(DATASET ENTRIES begins)

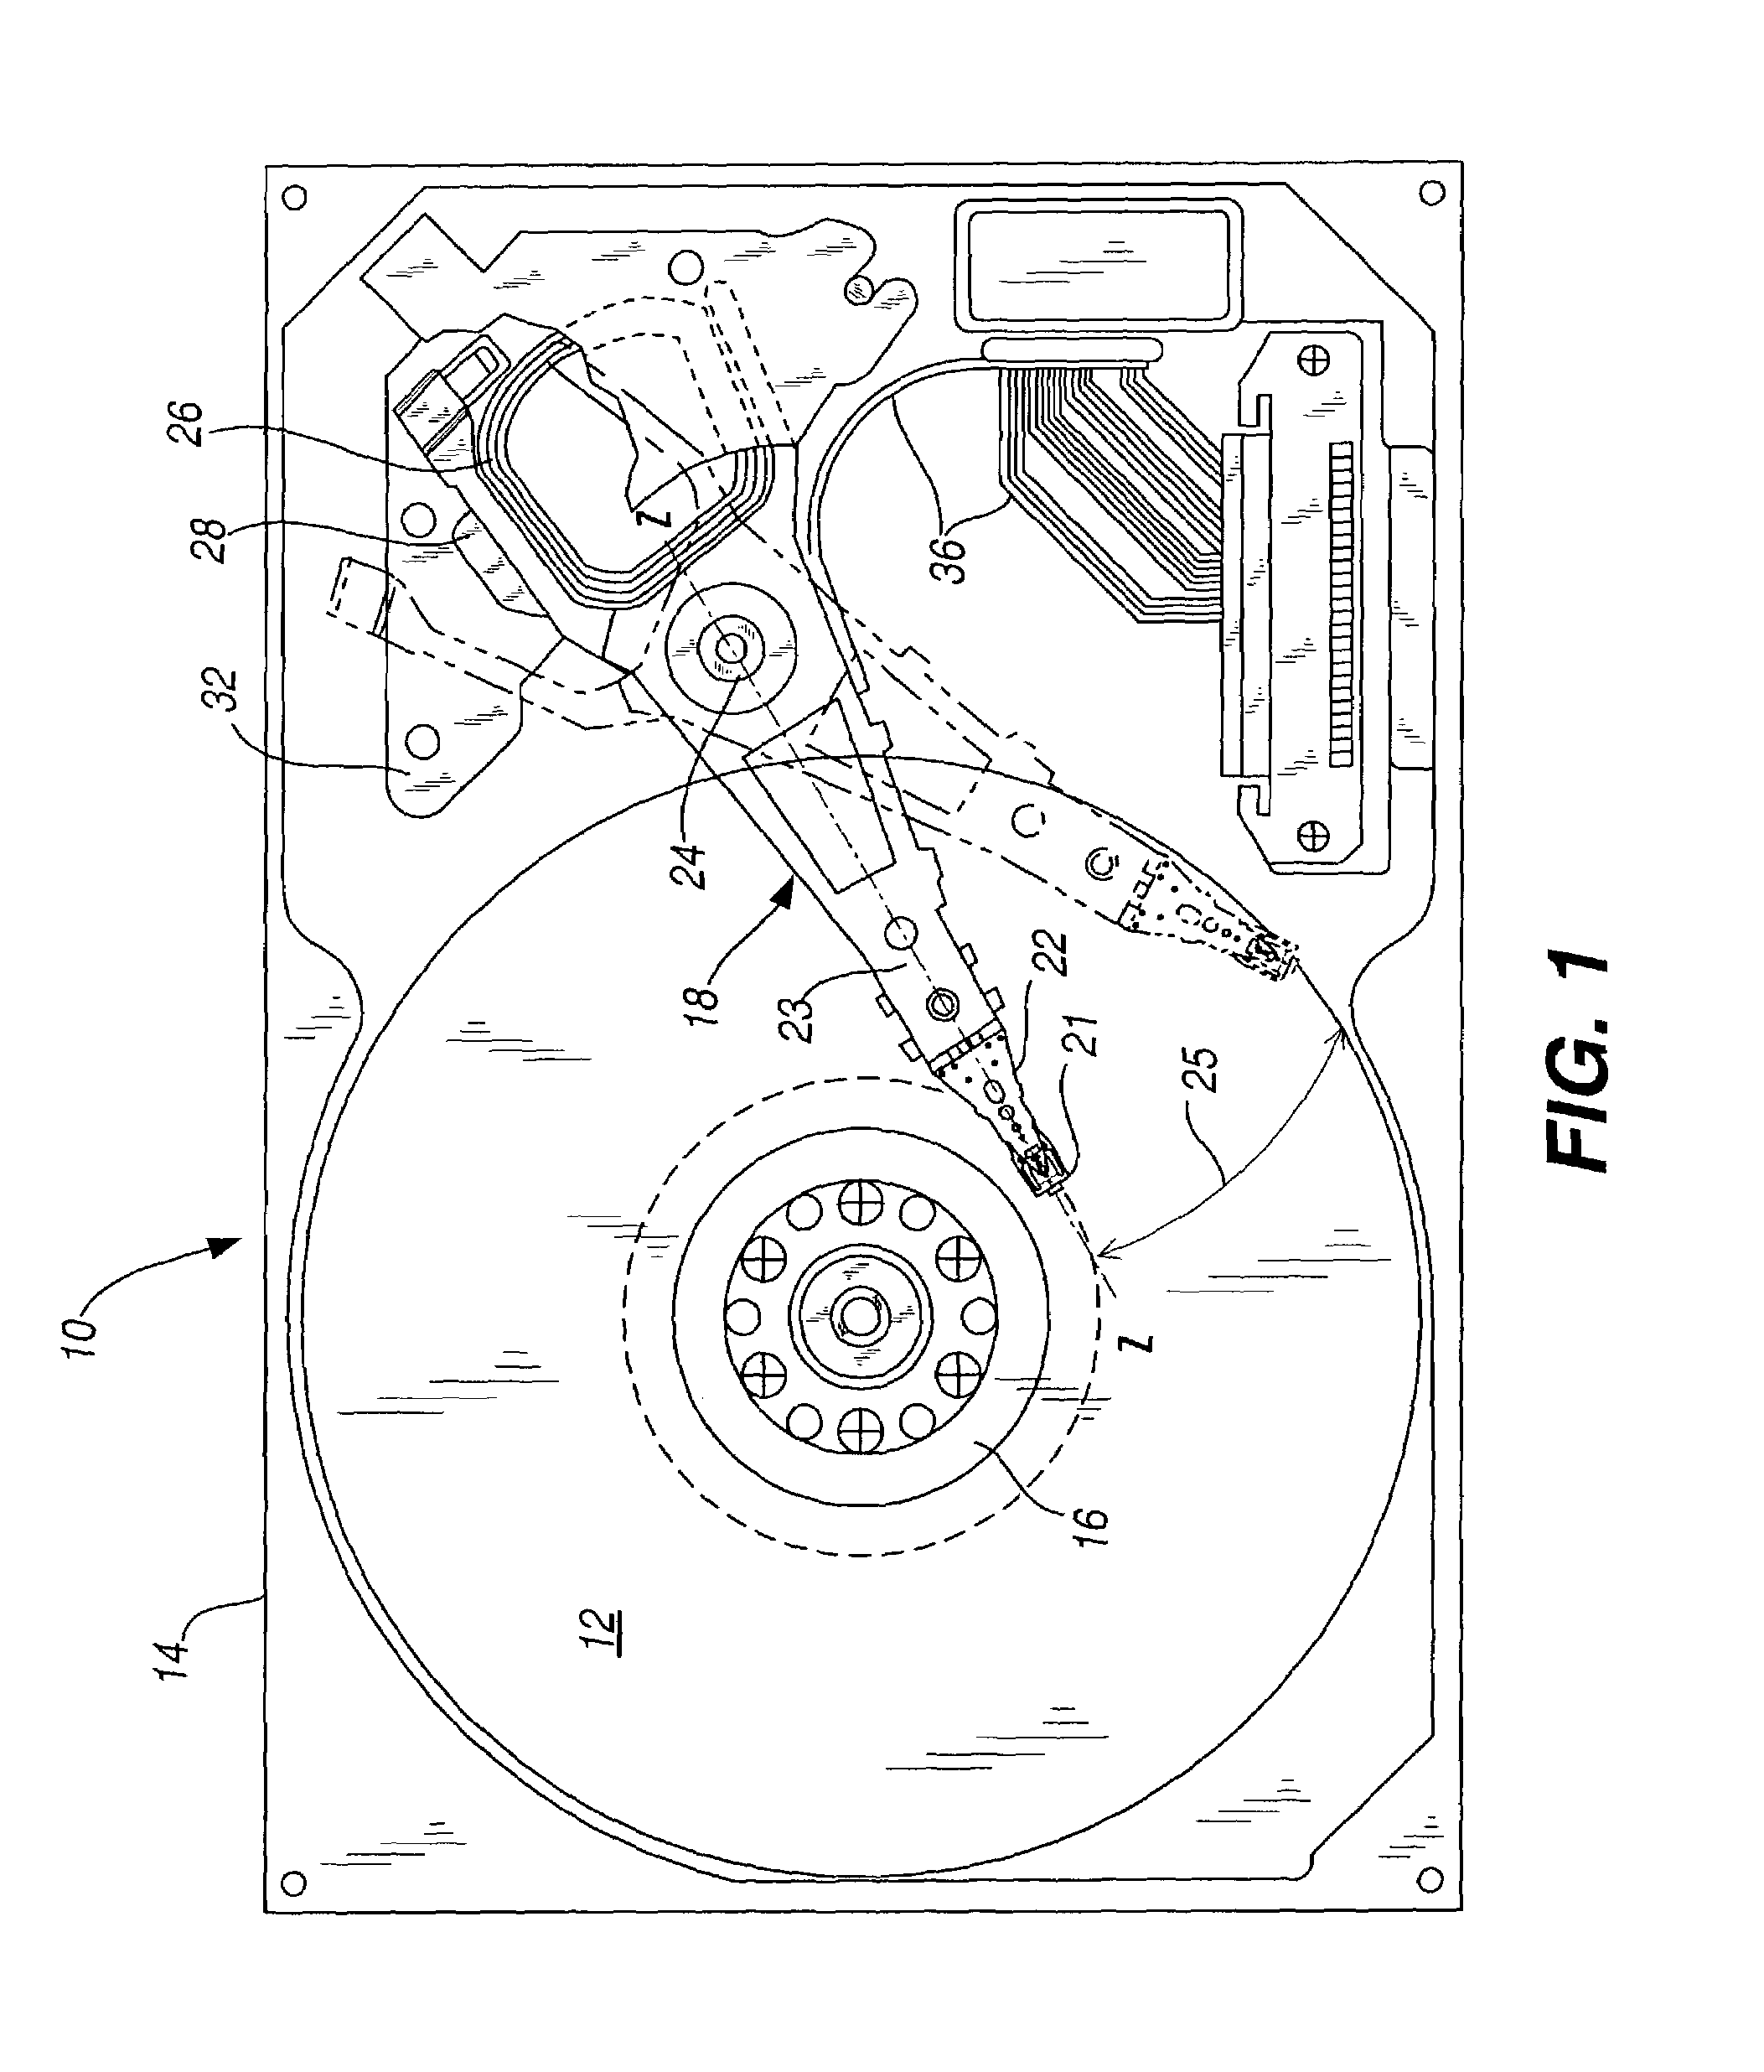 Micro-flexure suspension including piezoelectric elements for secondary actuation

(DATASET ENTRIES ends)
(DATASET ENTRIES begins)

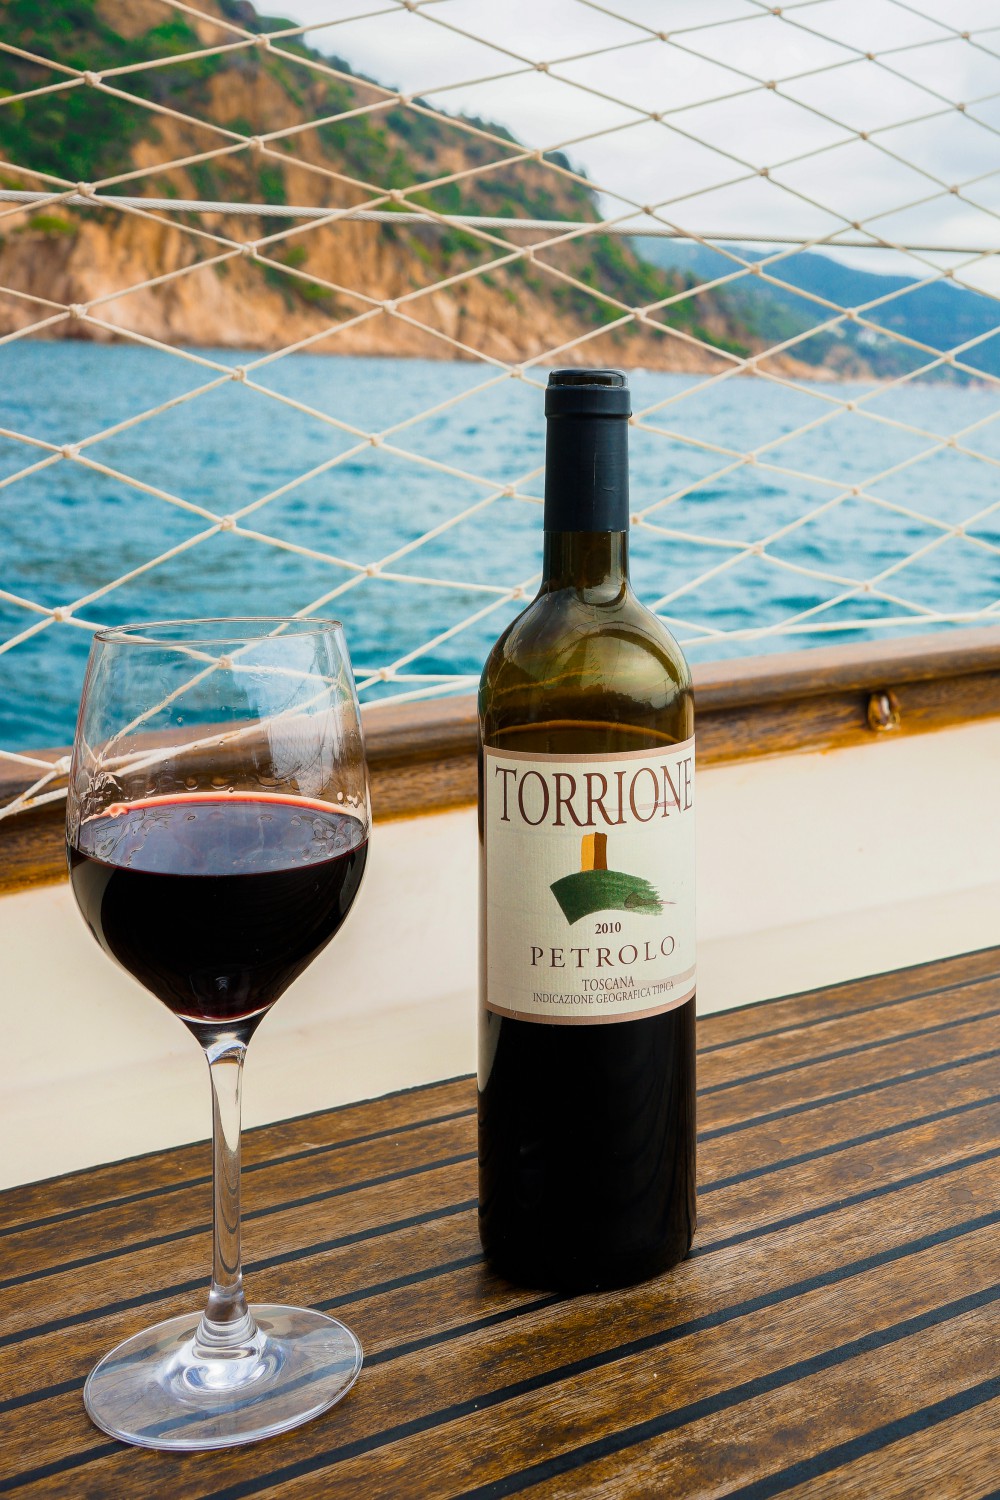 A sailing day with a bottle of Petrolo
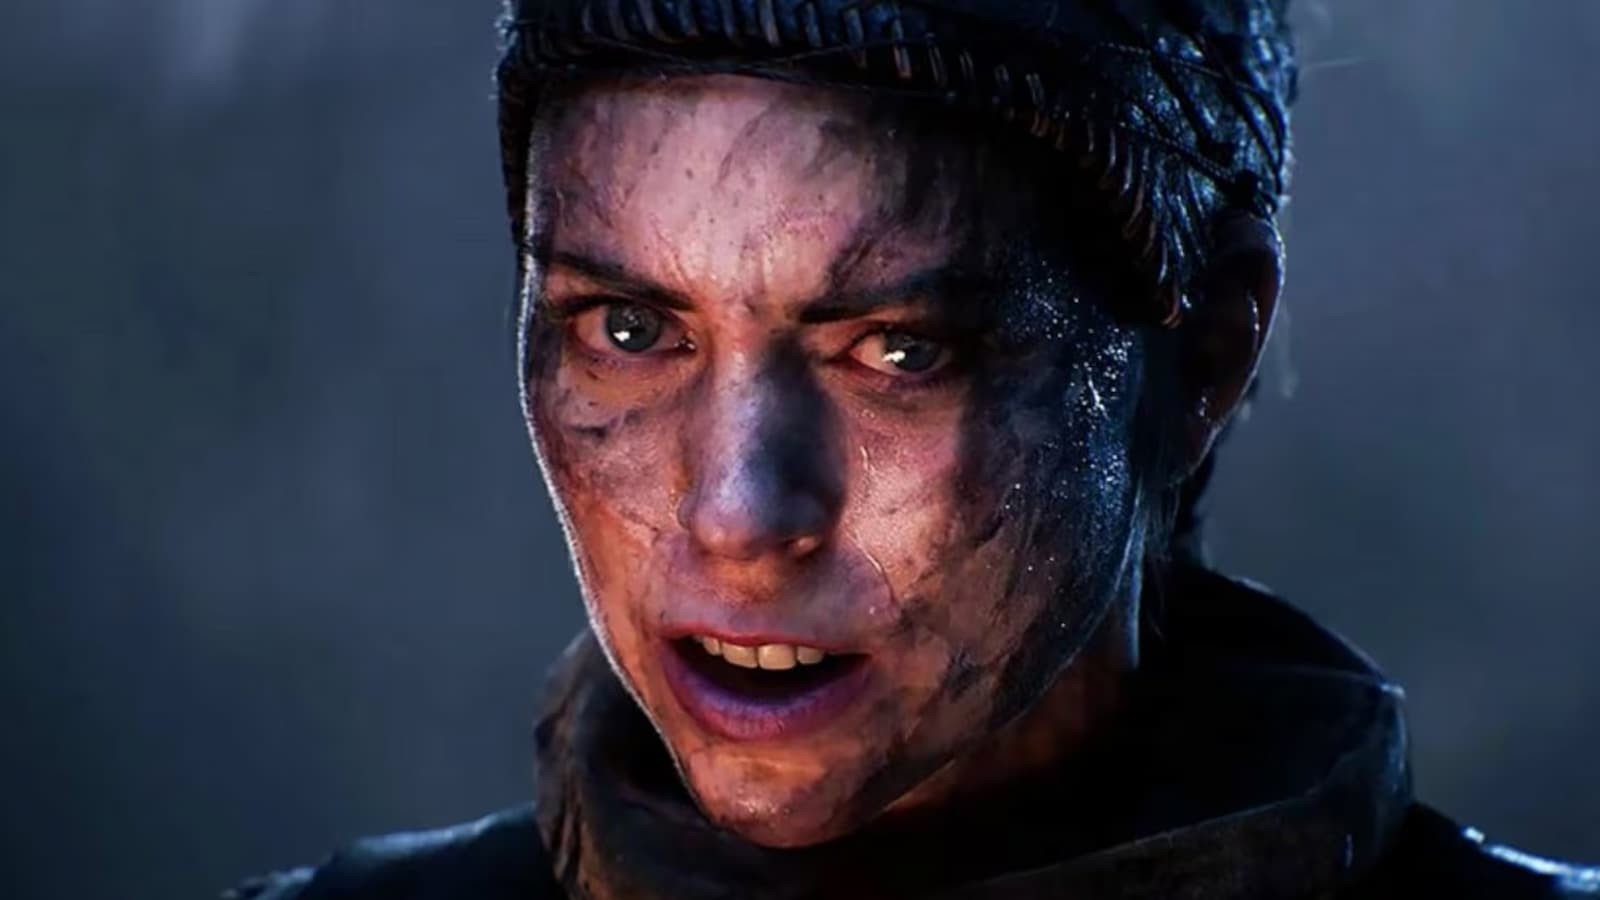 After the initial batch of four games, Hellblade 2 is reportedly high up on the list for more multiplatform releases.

(DATASET ENTRIES ends)

In the data above, start at the line holding "A sailing day with a bottle of Petrolo" and stop after the line holding "After the initial"; write out those lines exactly, without pictures.

 A sailing day with a bottle of Petrolo
 After the initial batch of four games, Hellblade 2 is reportedly high up on the list for more multiplatform releases.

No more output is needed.